Central Banks’ Doom Loop
At the moment, every single central bank in the world is blaming “external forces” for their inability to do their job efficiently and have all vowed more stimulus even though there will be no recession.
10 years after the financial crisis, and we still need more stimulus?
“An overreliance on central banks exacerbates the crisis of trust. It creates the impression that the central banks favour banks and the financial system, rather than the real economy….central banks would act only as lenders of last resort in times of financial crisis, lending without limit to solvent firms against good collateral at high rates. Instead, they’ve become lenders of first resort, expected to step in at any sign of problems.”
“It’s not encouraging that the global economy is still struggling a decade after the worst financial crisis since the Great Depression. And that’s after central banks pumped trillions of dollars into the financial system. As of February, the collective balance-sheet assets of the Fed, ECB, Bank of Japan and Bank of England stood at 36.3 percent of their countries’ total GDP, up from about 10 percent in 2008.”
Do they know what they are doing?
– Mario Draghi in 2019, “In a dark room you move with tiny steps. You don’t run but you do move”, ECB In Period Of Pervasive Uncertainty—ECB Sees Chance Of Euro Area Recession As Very Low.
– Mario Draghi in 2012.
– On the BoJ’s Kuroda in 2019, “Inflation is barely halfway to the 2% target. Wages are still walking in place despite the longest expansion since the 1980s. And the BOJ now owns more than half of the government bond market and 80% of exchange-traded funds. Its balance sheet is now bigger than the entire $4.9 trillion economy.”
– Kuroda in 2013, shortly after Draghi.
– March 2019. “Fed kept rates at 0 for 7 years, barely hiked after + QE to encourage levering up. Now Robert Kaplan says high levels of corporate debt is why he DOESN’T want to hike. Kaplan acknowledges trap Fed in but doesn’t understand that the Fed is who set it.”

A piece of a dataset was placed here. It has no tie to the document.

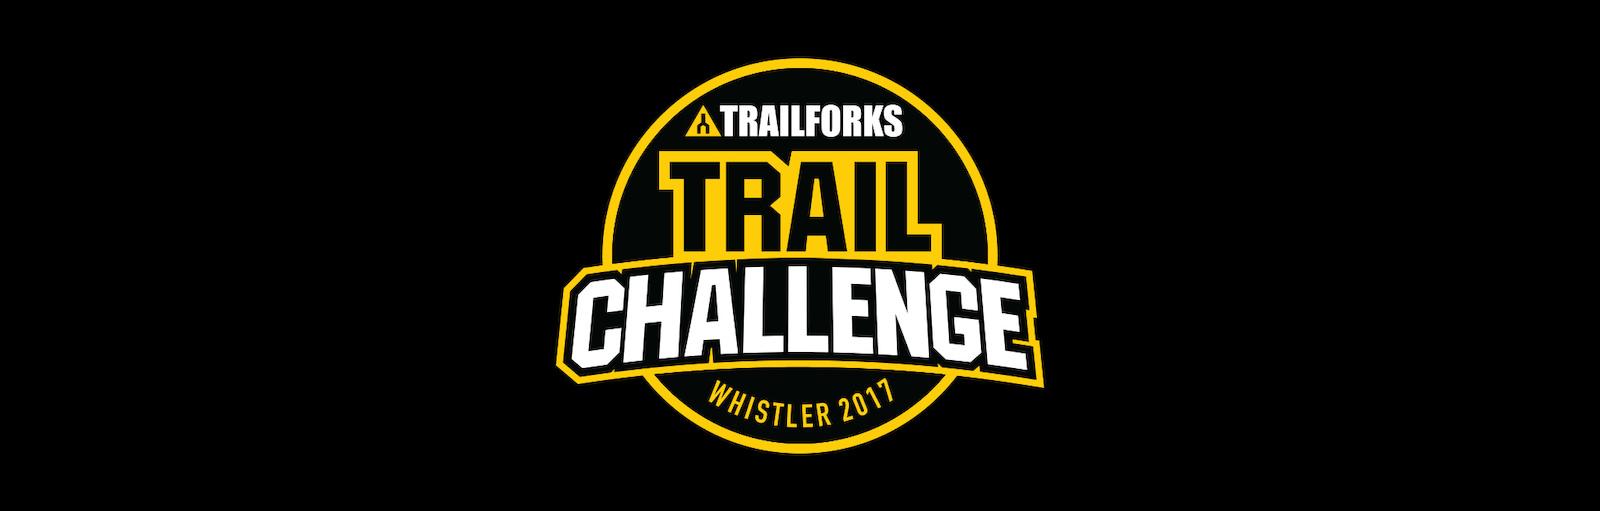 Trailforks Trail Challenge - Crankworx Whistler 2017

“Fed’s Kaplan says U.S. corporate debt a reason for rate hike pause. A $5.7 trillion borrowing binge by U.S. companies could make a slowdown in the world’s biggest economy even more painful. Are these Fed people brain dead? Can’t raise rates because of too much corp debt? The reason: there’s too much corp. debt is because the Fed has suppressed rates to such low levels it encouraged taking on of debt (all kinds). Want to reduce debt problem: RAISE RATES.”
The Forever Fairytale Rally
The best scenario would be for the global economy to struggle forever.

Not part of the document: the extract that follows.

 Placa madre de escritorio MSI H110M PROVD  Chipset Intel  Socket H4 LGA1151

And because the markets and the economy are so closely linked, central banks help the markets more than the economy in their efforts to try to prevent the next recession because the only things stimulated will be market sentiments, hardly trickling down to the real economy.
“Encouraging big banks to supply credit to companies and households has been a centrepiece of the ECB’s policy efforts in recent years, via successive programmes of cheap loans from the central bank. However, some banks have elected to shore up their balance sheets by buying government bonds—which require no capital to be set against them—rather than generating new loans.”—FT.

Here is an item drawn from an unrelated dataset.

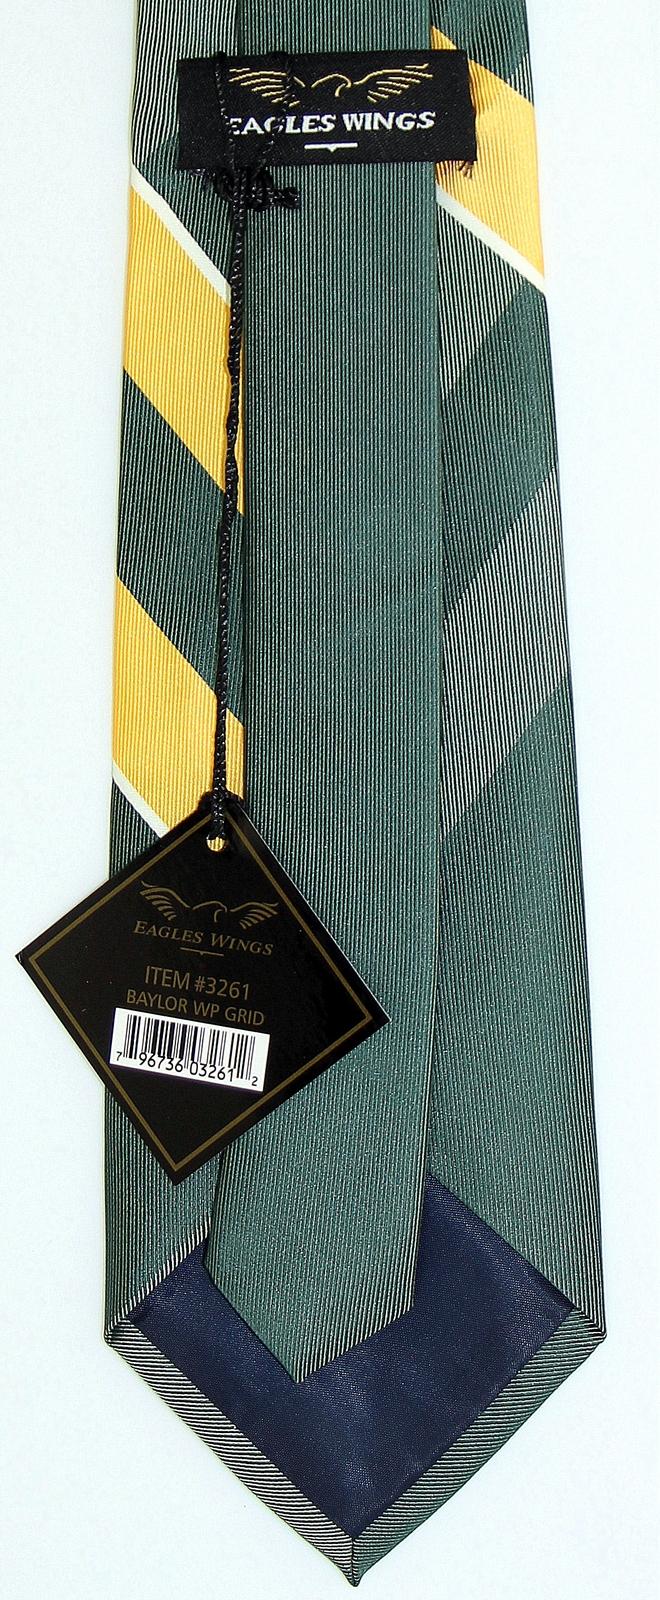 Baylor Bears Mens Necktie College University Logo E. Wings Grid Green Neck Tie  image 3

And thus we shake our heads, because everything looks wrong and everybody knows it which is why not a lot of people are buying into the “flowless” rally on justified scepticism.
“This backdrop—low positioning, the high likelihood of a trade pact, and dovish monetary policy—should pave the way for further outperformance of risky assets.”—Bloomberg
After 10 years, we are starting to see the light, starting to believe that recessions are just figments of our imaginations, starting to believe that inflation does not exist, bonds are bullet-proof and this fairytale will last forever.